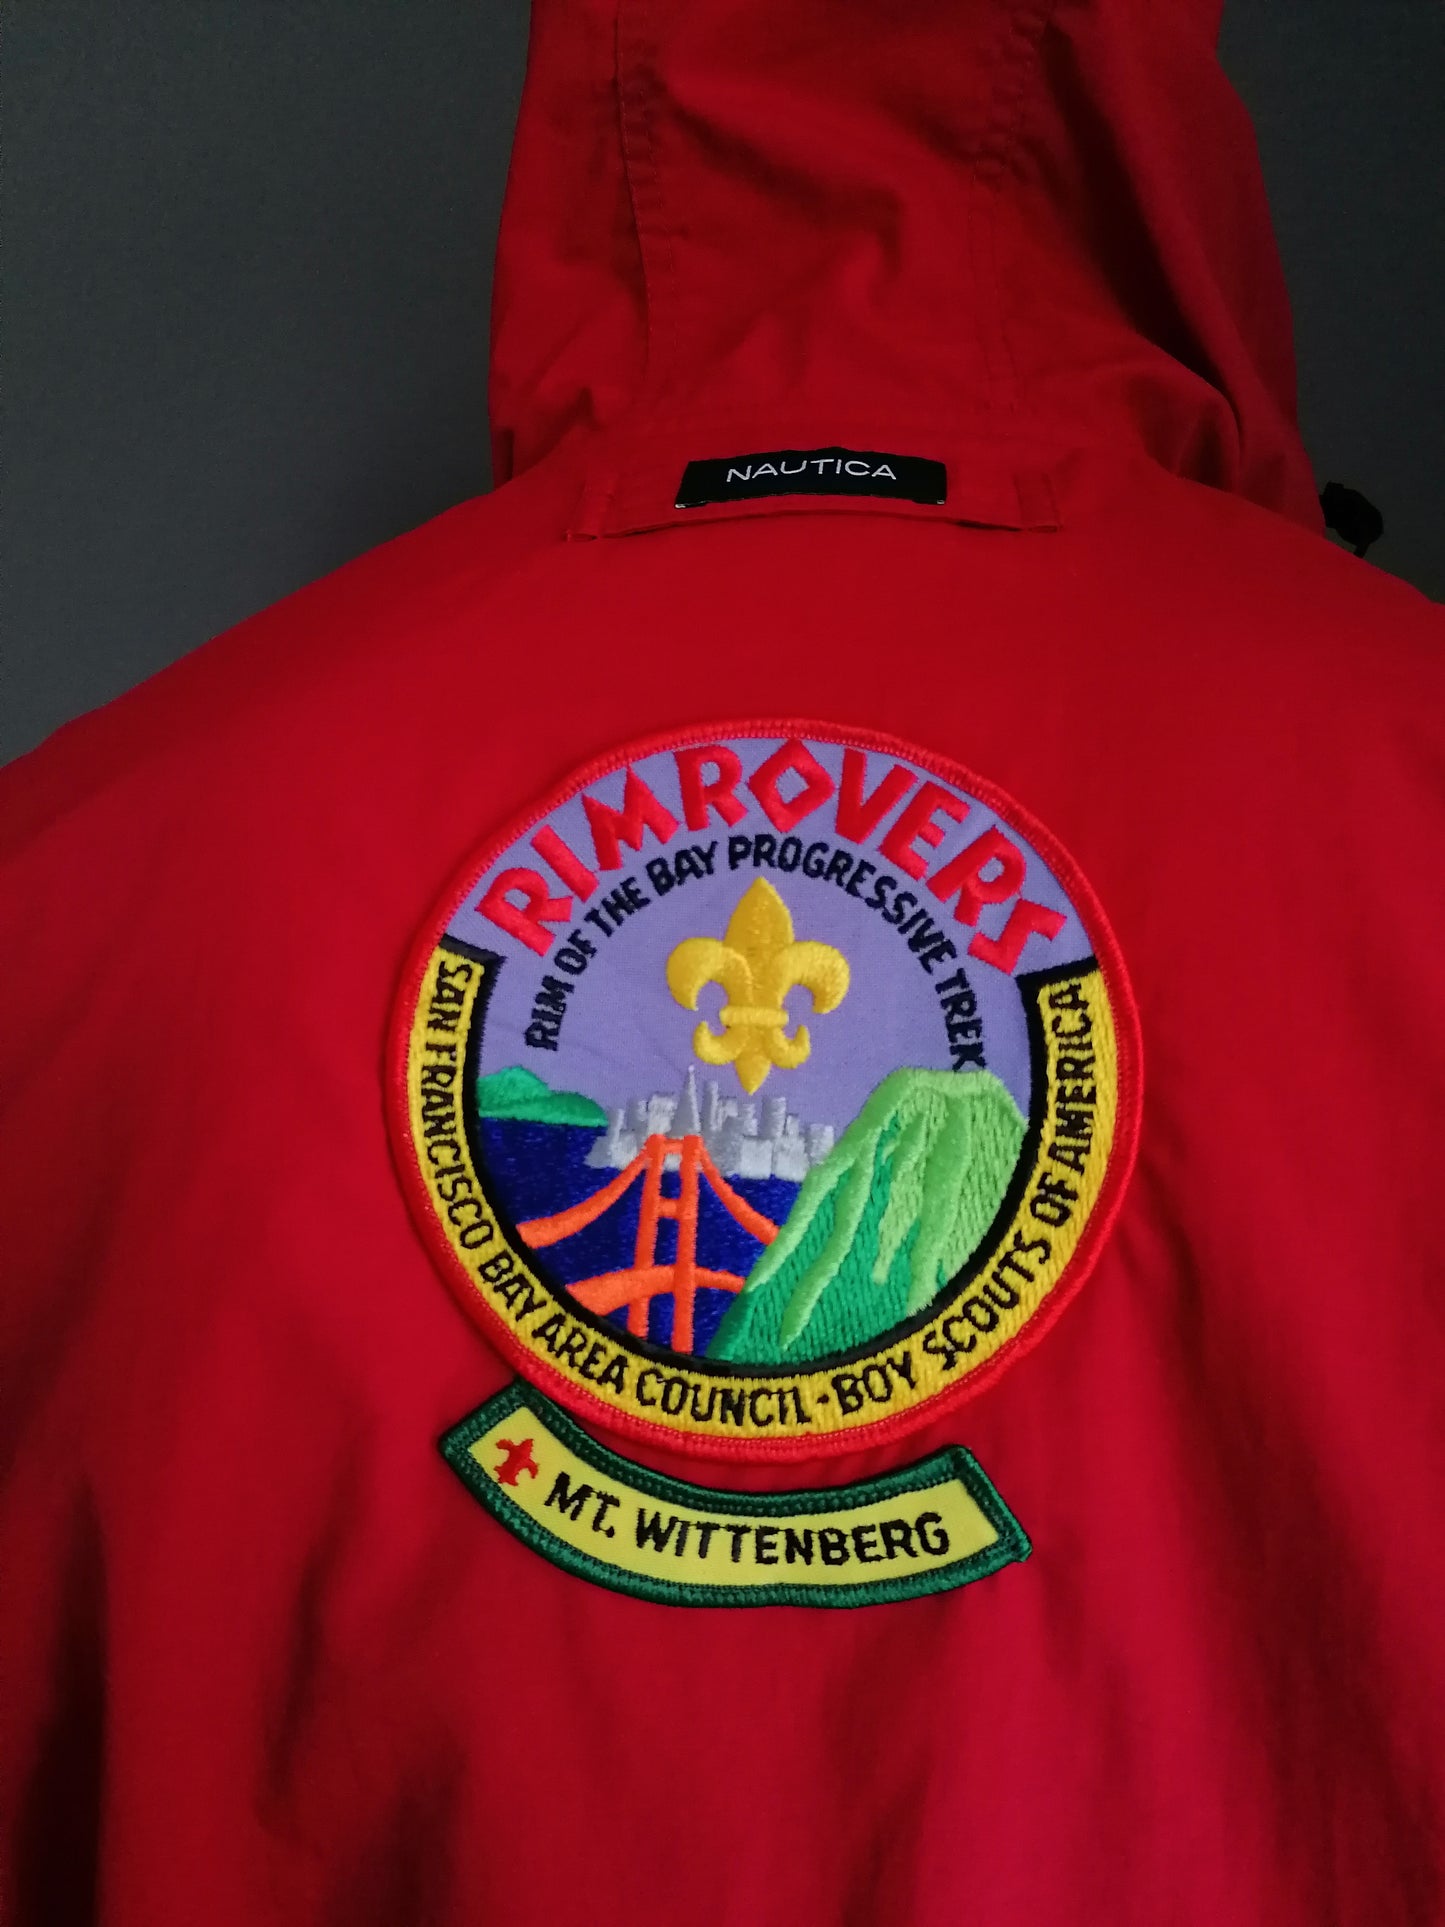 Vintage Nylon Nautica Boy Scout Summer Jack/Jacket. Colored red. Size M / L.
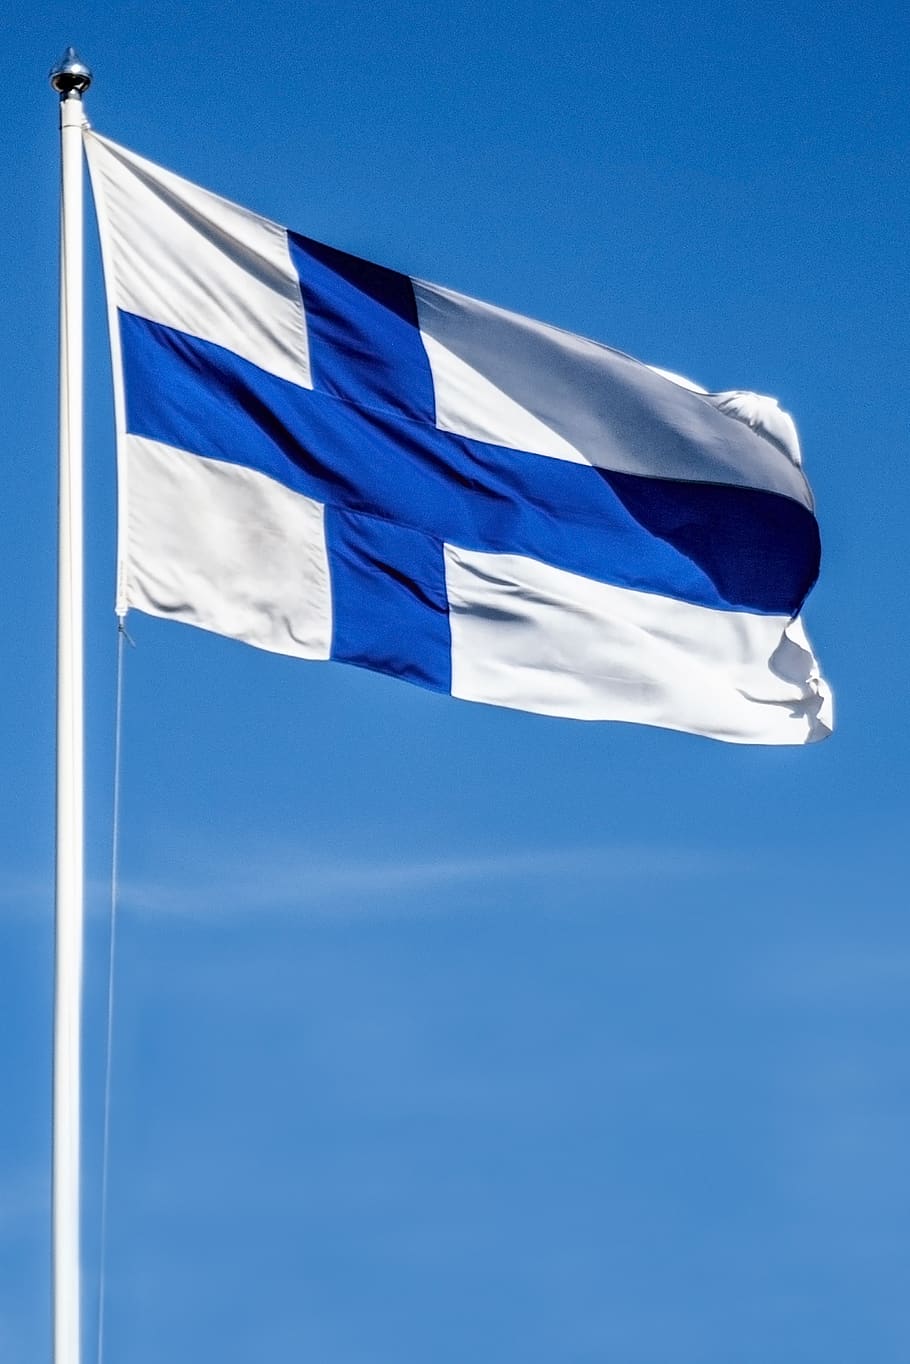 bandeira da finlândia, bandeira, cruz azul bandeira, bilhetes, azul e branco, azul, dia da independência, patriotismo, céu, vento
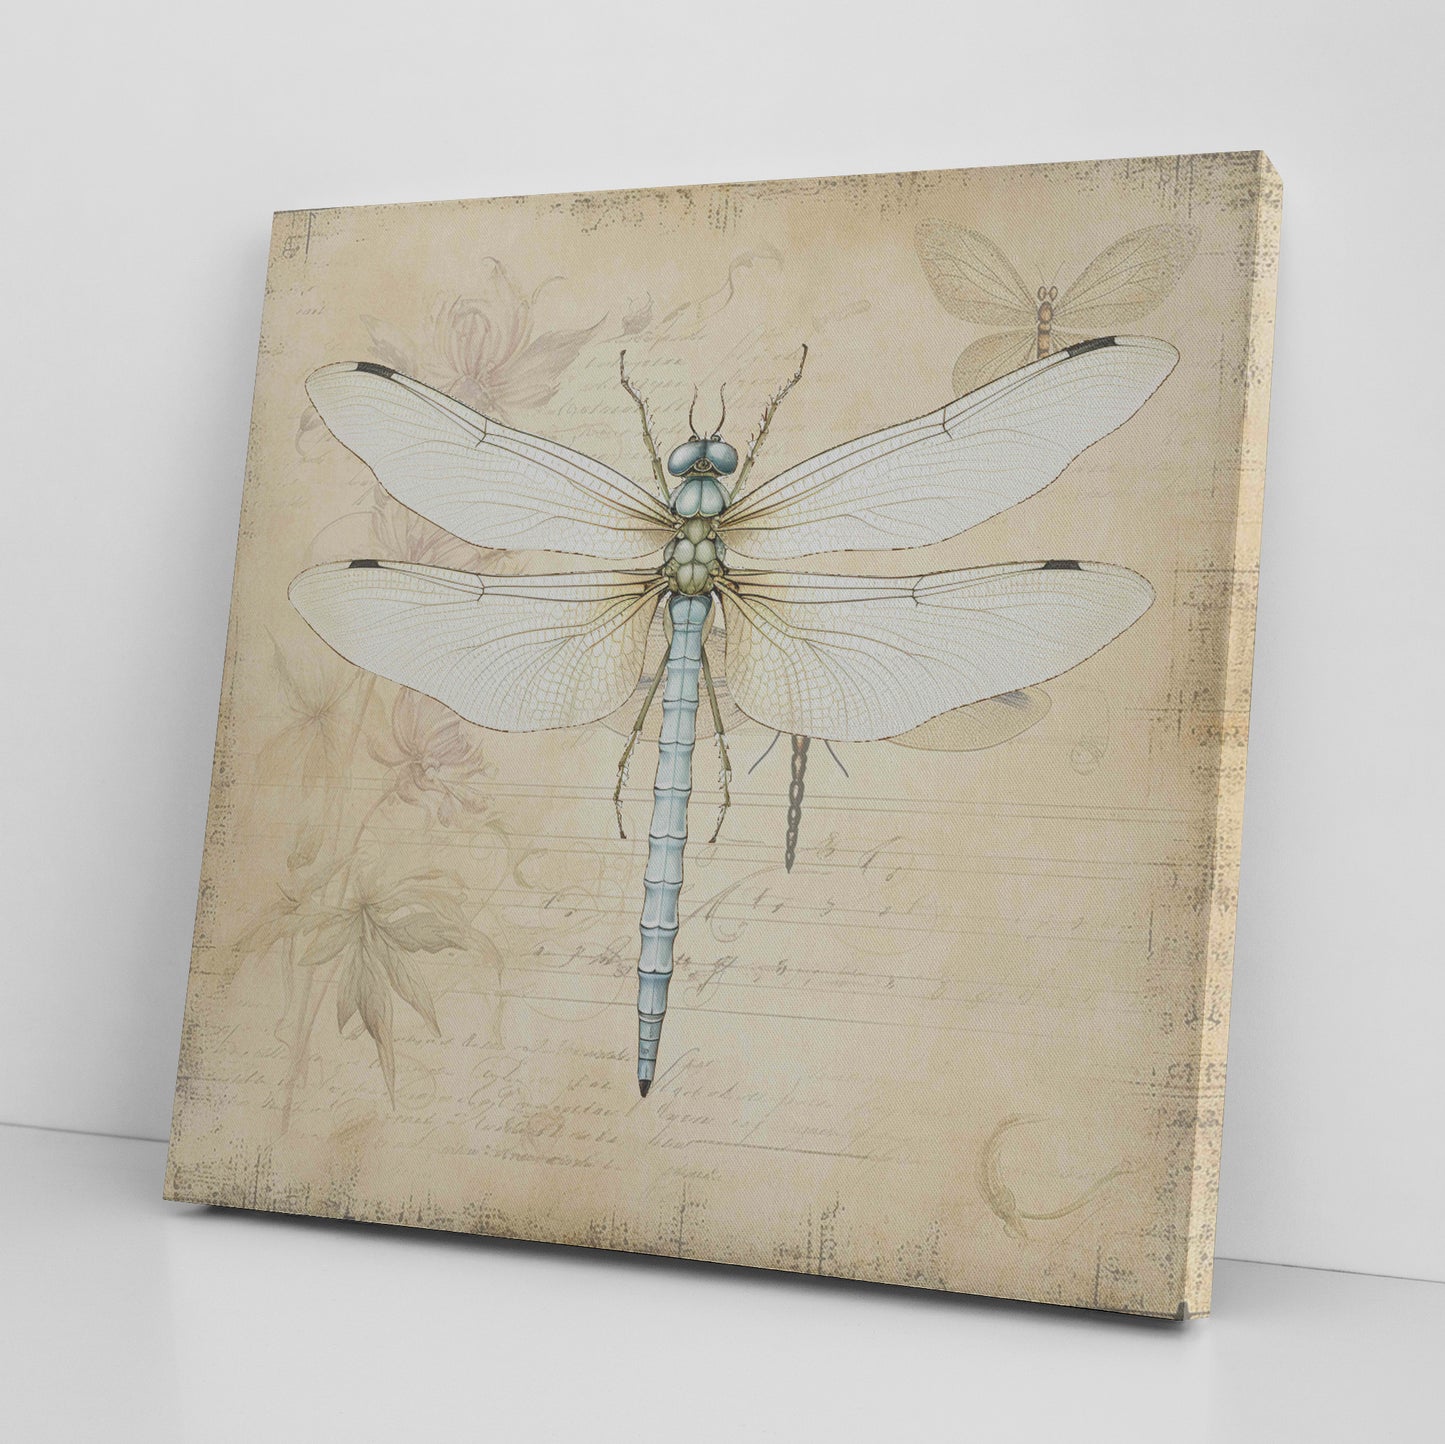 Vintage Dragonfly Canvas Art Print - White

▶ [TASK DETAILS]:
Leave the pictures out. Otherwise, output the listing above exactly.

▶ [SOLUTION TO THIS PROBLEM]:
 Vintage Nylon Nautica Boy Scout Summer Jack/Jacket. Colored red. Size M / L.
 bandeira da finlândia, bandeira, cruz azul bandeira, bilhetes, azul e branco, azul, dia da independência, patriotismo, céu, vento
 Vintage Dragonfly Canvas Art Print - White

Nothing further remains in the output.